- Born: Gessner Harrison Echols Jr. May 1, 1933 Charlottesville, Virginia
- Died: April 11, 1993 (aged 59) Berkeley, California
- Education: University of Virginia (BA 1955); University of Wisconsin, Madison (MA 1957, PhD 1959);
- Known for: identifying the genetic make-up and functions of bacteriophage lambda
- Spouse: Carol Gross
- Awards: Member of the National Academy of Sciences (1991); Guggenheim Fellow (1981);
- Scientific career
- Fields: biochemistry, molecular biology, genetics
- Workplaces: University of Wisconsin, Madison; University of California, Berkeley;
- Thesis: An X-ray Scattering Study of Protein Denaturation (1959)
- Academic advisors: John William Anderegg; Cyrus Levinthal;
- Doctoral students: Sankar Adhya

= Harrison Echols =

American molecular biologist, biochemist and geneticist

Gessner Harrison "Hatch" Echols Jr. (May 1, 1933 – April 11, 1993) was an American molecular biologist, biochemist, and geneticist, whose work on the lambda phage advanced the understanding of viral infections and gene regulation inside the cell.

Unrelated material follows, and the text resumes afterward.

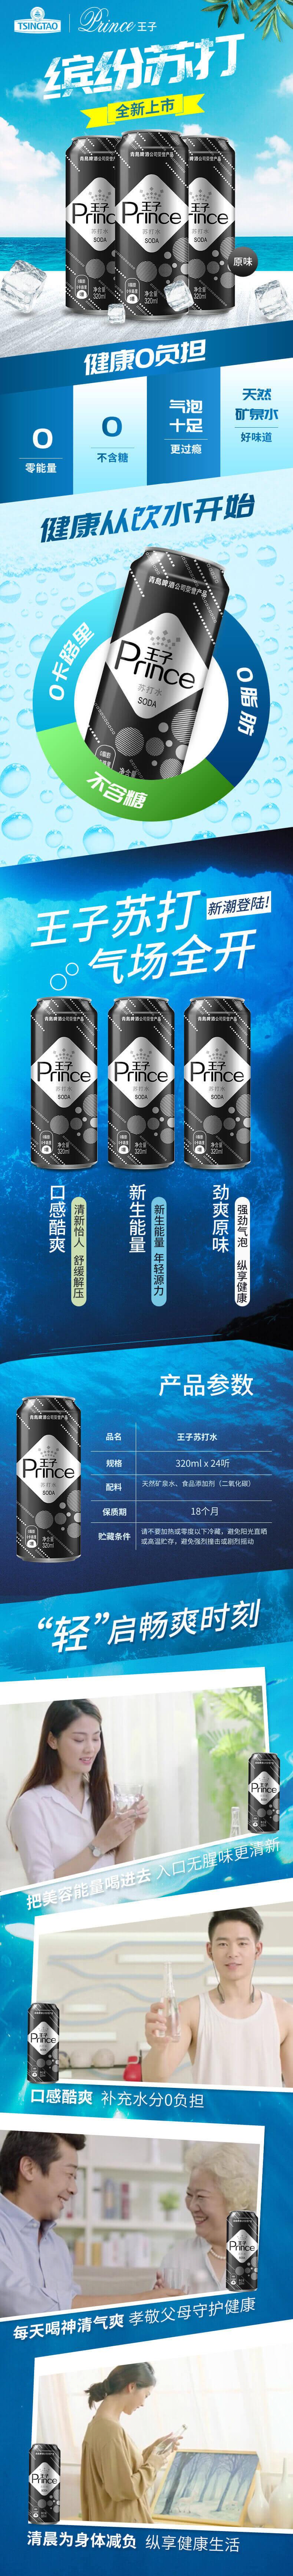 princeyuan_24detail.jpg

== Early life and education ==
Harrison Echols was born in Charlottesville, Virginia in 1933, and attended the Episcopal High School in Alexandria, Virginia. He graduated in 1955 from the University of Virginia, where his grandfather William Holding Echols had been an influential professor of mathematics. He had initially intended to become a writer but ultimately completed his BA, MA, and PhD in physics.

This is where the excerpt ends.